**TASK INSTRUCTIONS**
All lines from the one containing "Triton X-100 Nonionic" through the end of the data below are to be repeated exactly, with pictures left out.

**SUPPLIED DATA**
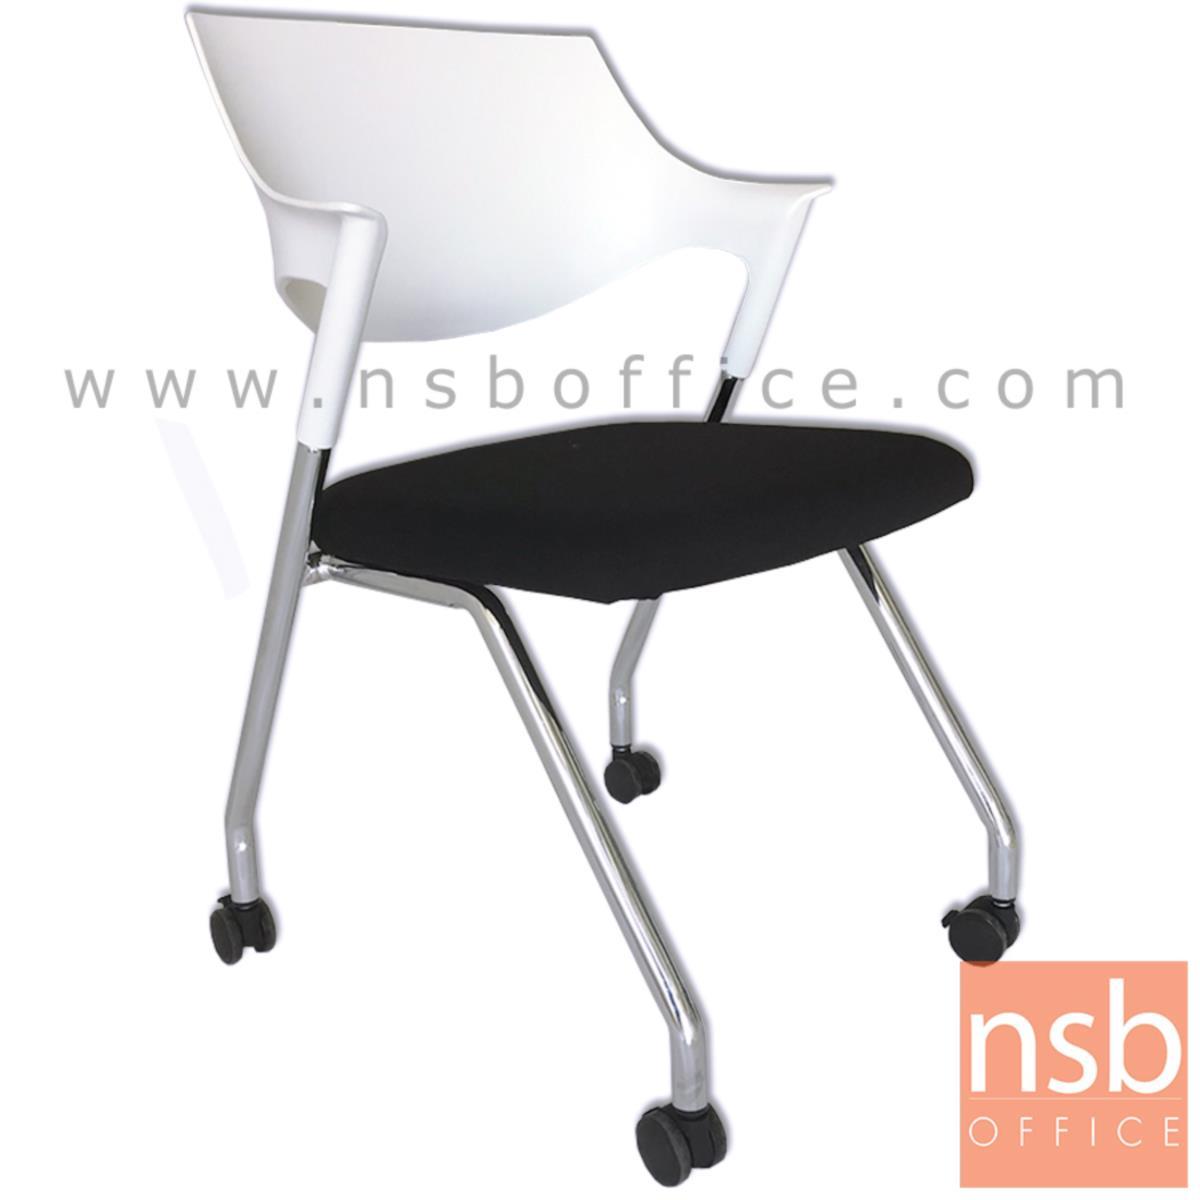 B30A048:เก้าอี้อเนกประสงค์โพลี่ล้วน รุ่น Blue Bell (บลู เบล)  โครงขาเหล็กชุบโครเมี่ยม
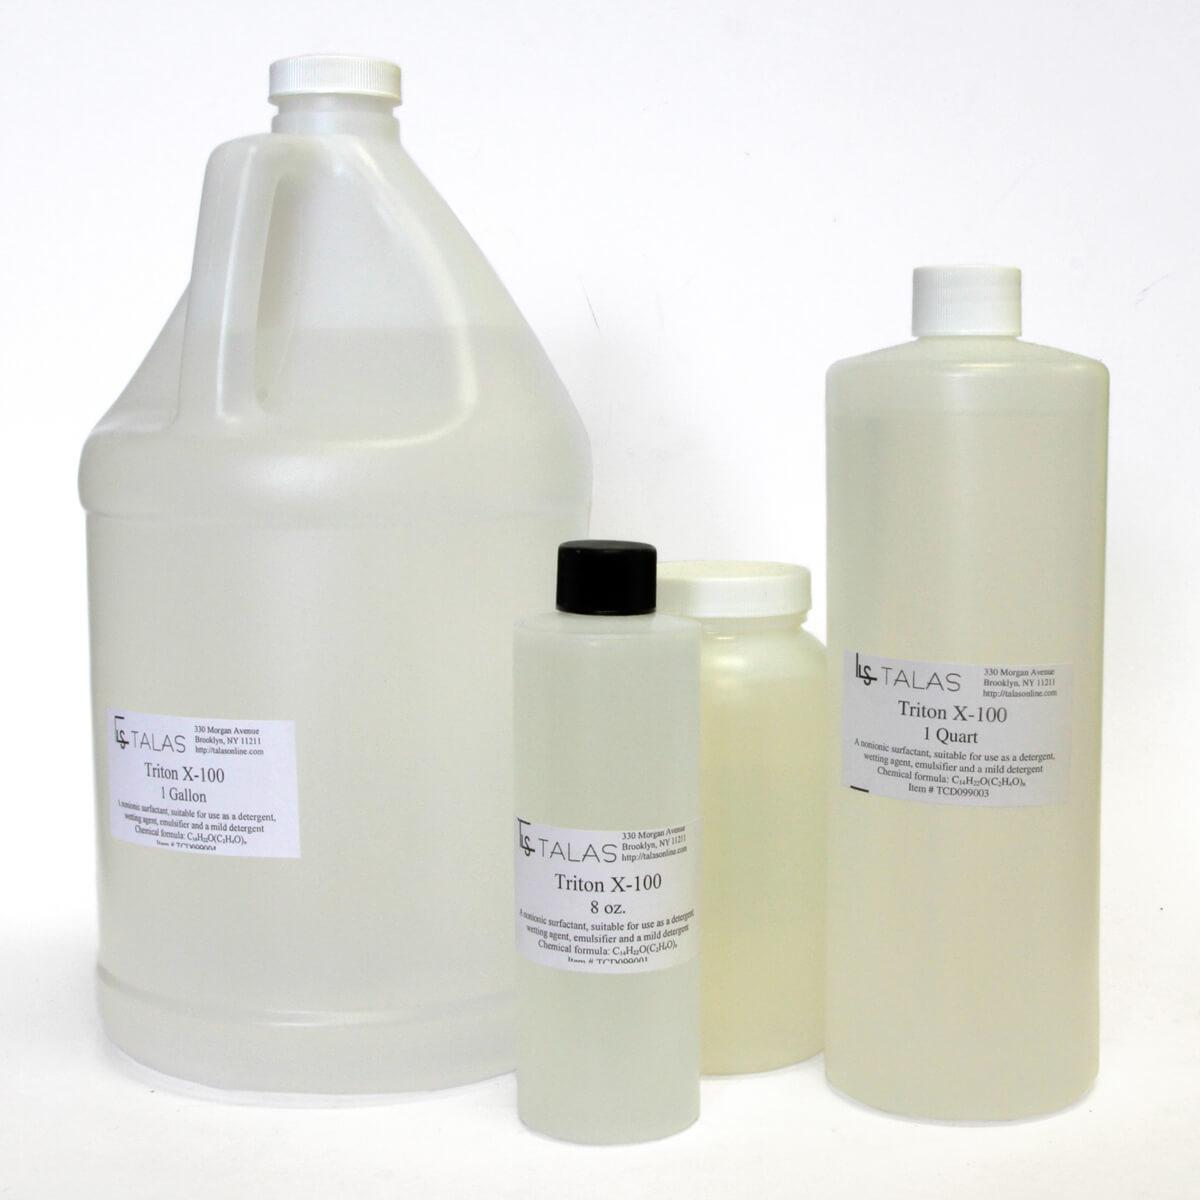 Triton X-100 Nonionic Surfactant Detergent | TALAS
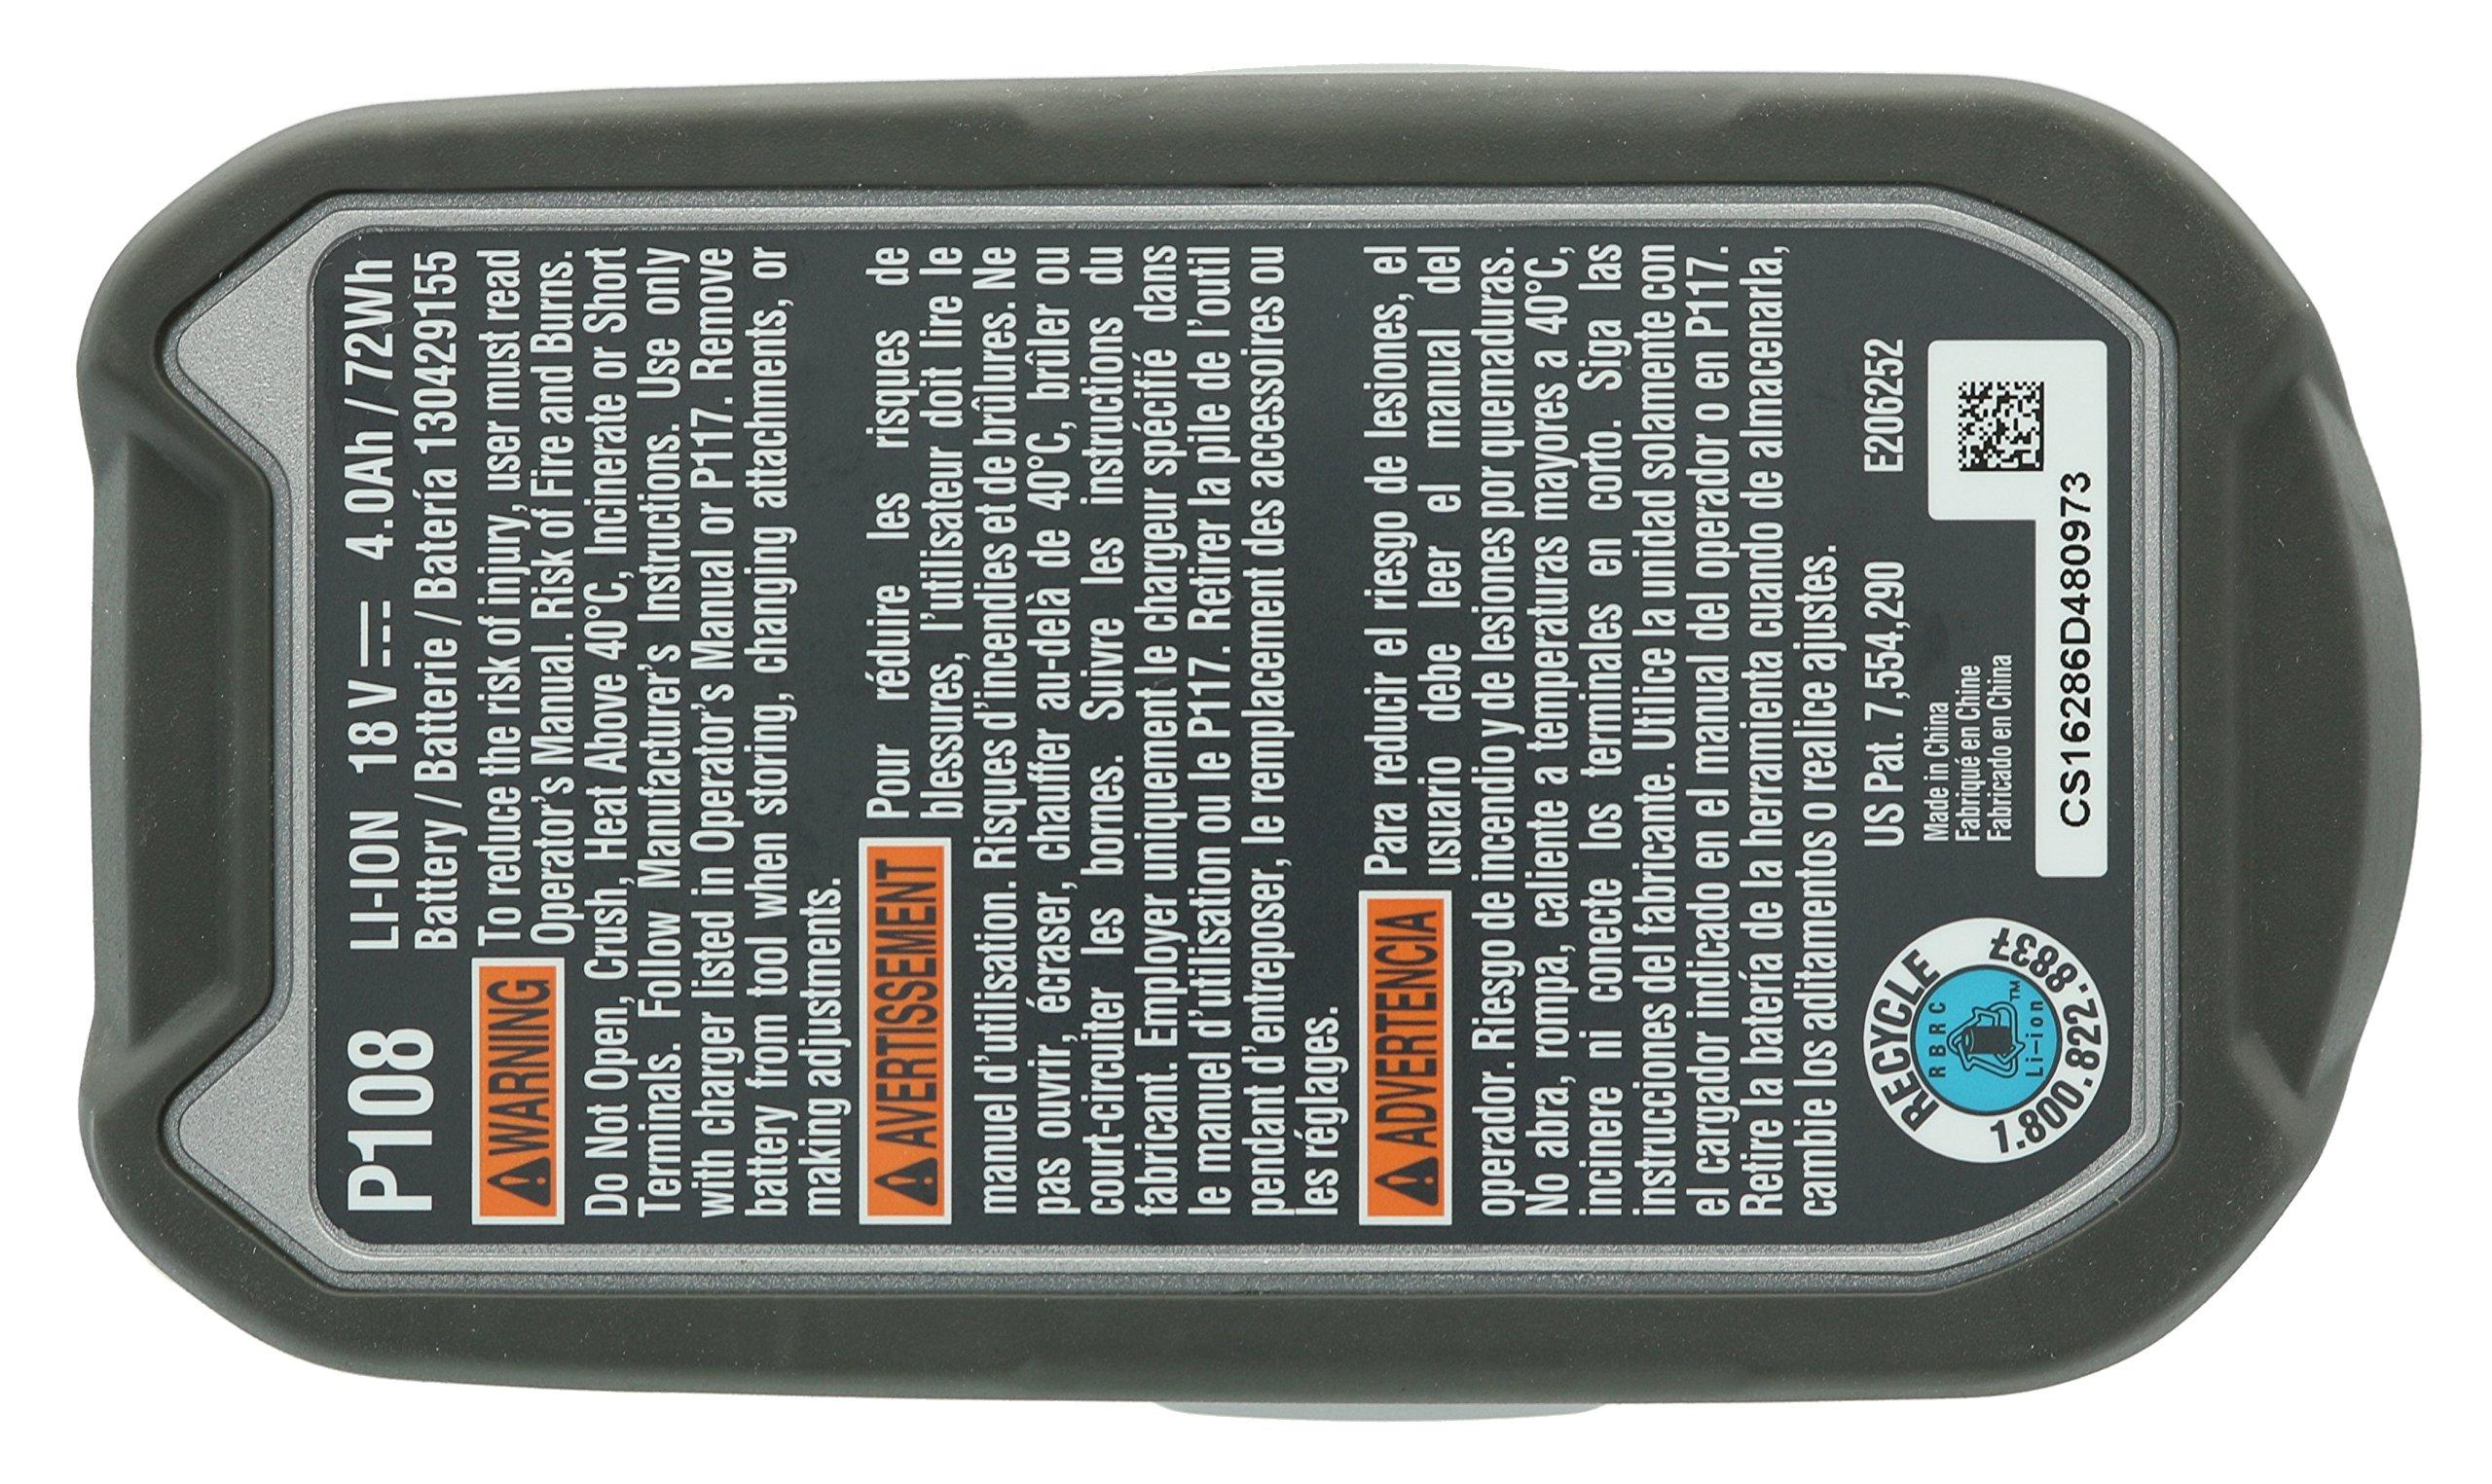 Ryobi P122 4AH One+ High Capacity Lithium Ion Batteries For Ryobi Power Tools (2 Pack of P108 Batteries) by Ryobi (Image #8)

**RESPONSE AREA**
 Triton X-100 Nonionic Surfactant Detergent | TALAS
 Ryobi P122 4AH One+ High Capacity Lithium Ion Batteries For Ryobi Power Tools (2 Pack of P108 Batteries) by Ryobi (Image #8)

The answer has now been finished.